Segment Start: Information provided

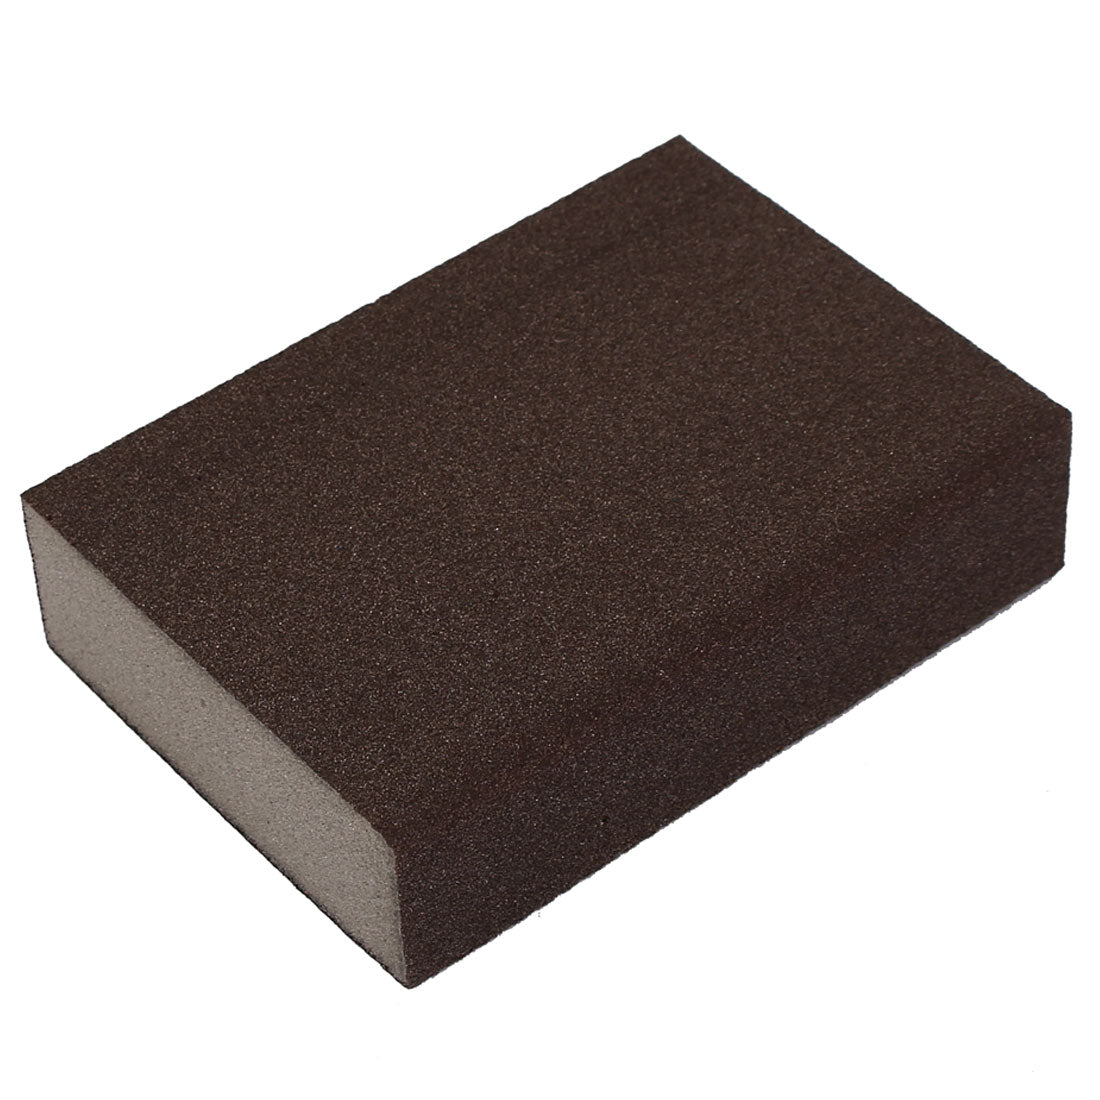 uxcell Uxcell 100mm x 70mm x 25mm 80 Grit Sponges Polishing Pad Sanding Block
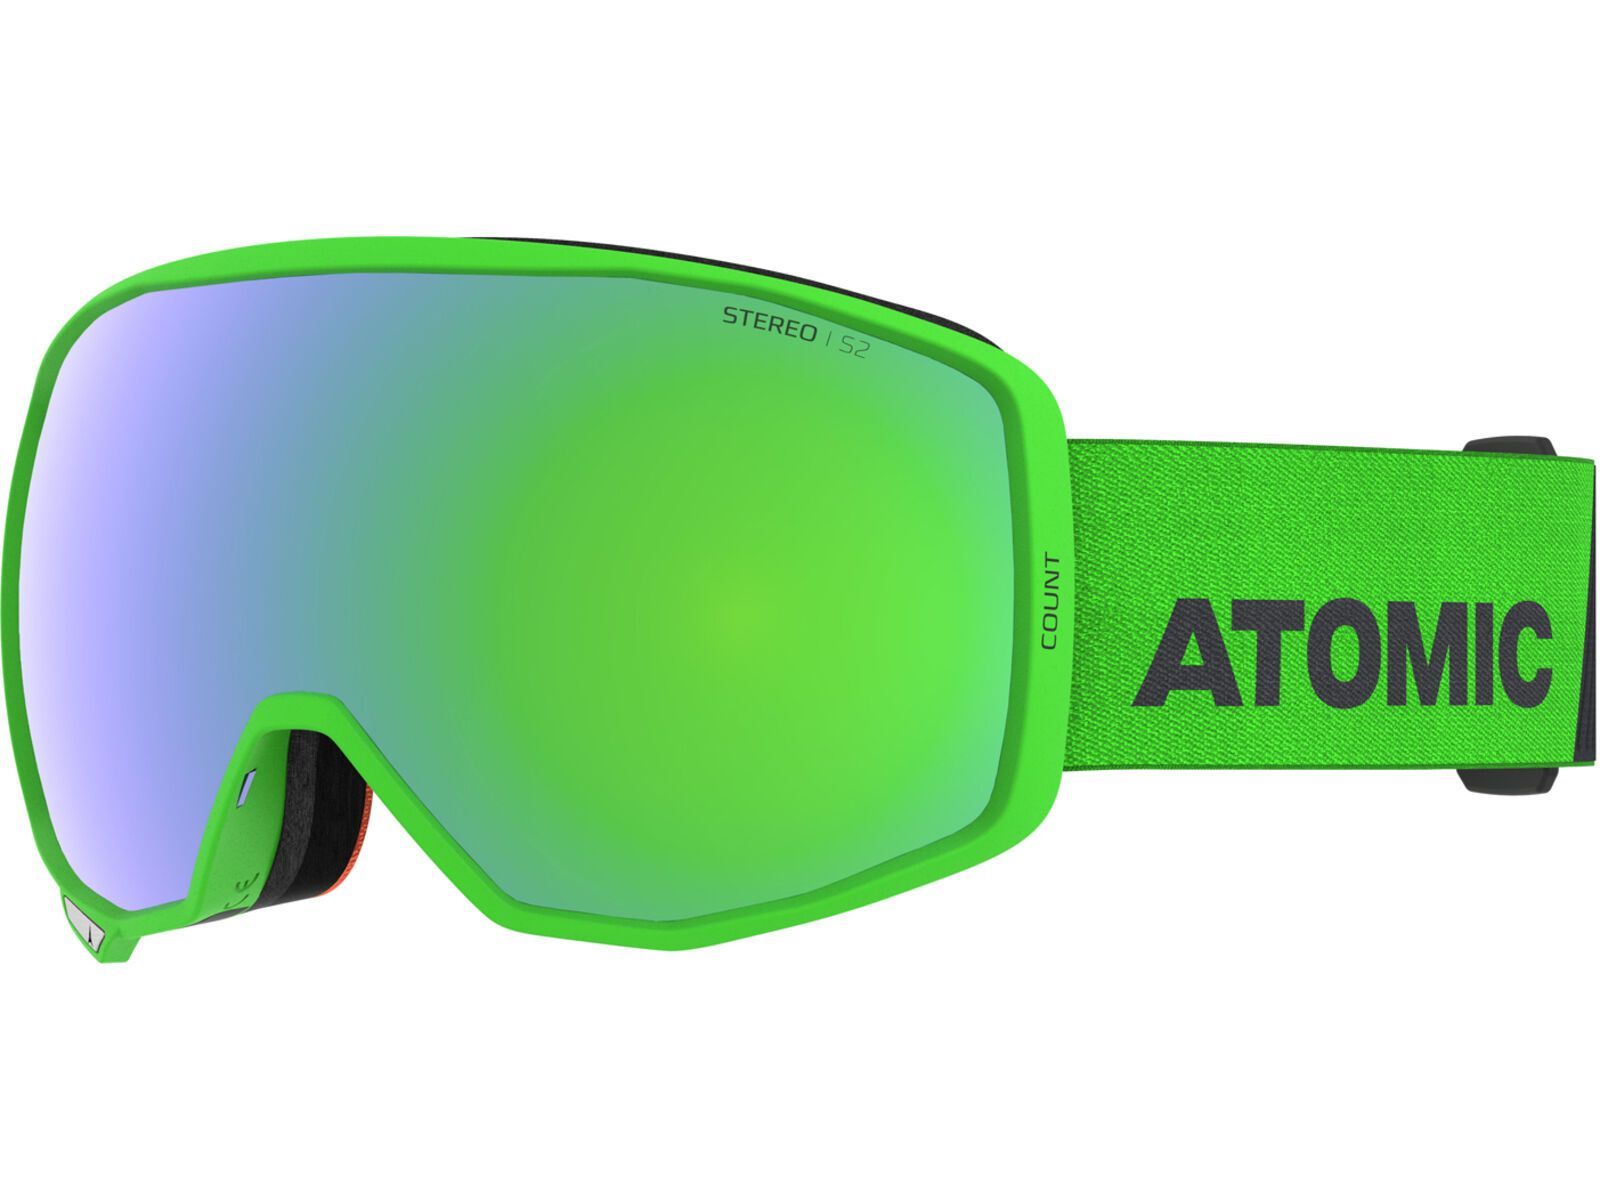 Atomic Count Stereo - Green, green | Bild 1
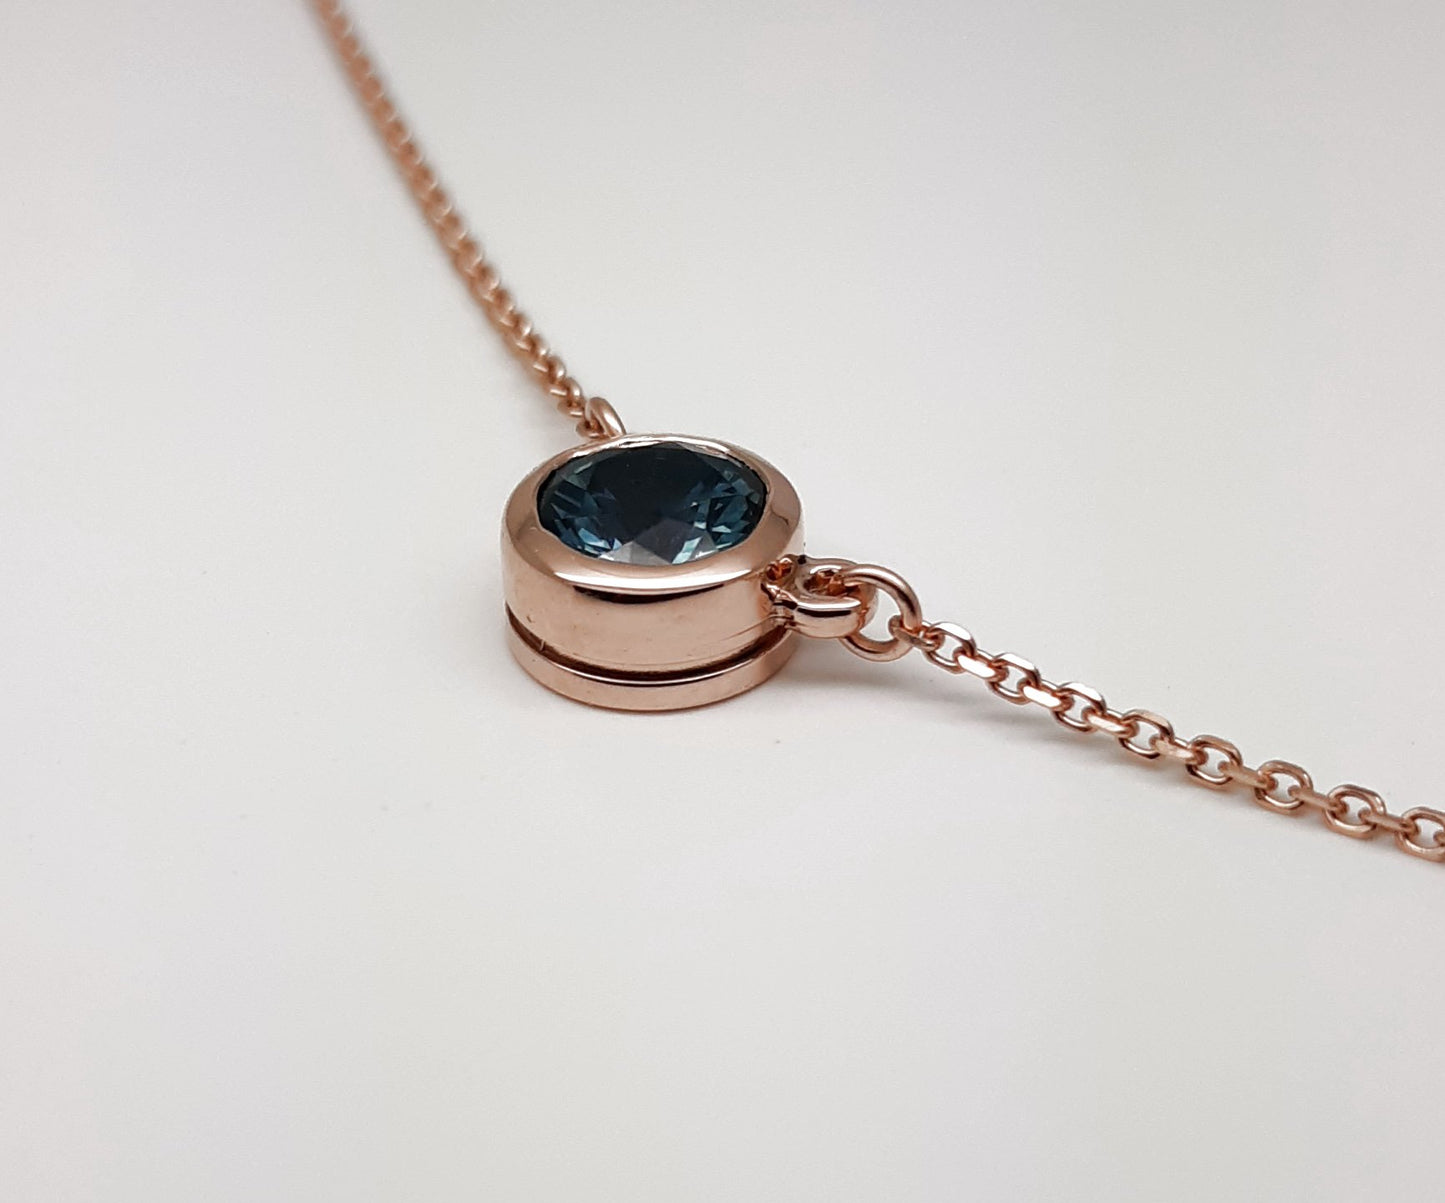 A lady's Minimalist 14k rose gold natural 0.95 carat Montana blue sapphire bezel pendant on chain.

Segment End: Information provided

## Activity
Starting with the line that contains "Atomic Count Stereo - Green, green | Bild 1", copy every line word for word through the end of the listing above, but leave out the pictures.

## Solution for this task
 Atomic Count Stereo - Green, green | Bild 1
 A lady's Minimalist 14k rose gold natural 0.95 carat Montana blue sapphire bezel pendant on chain.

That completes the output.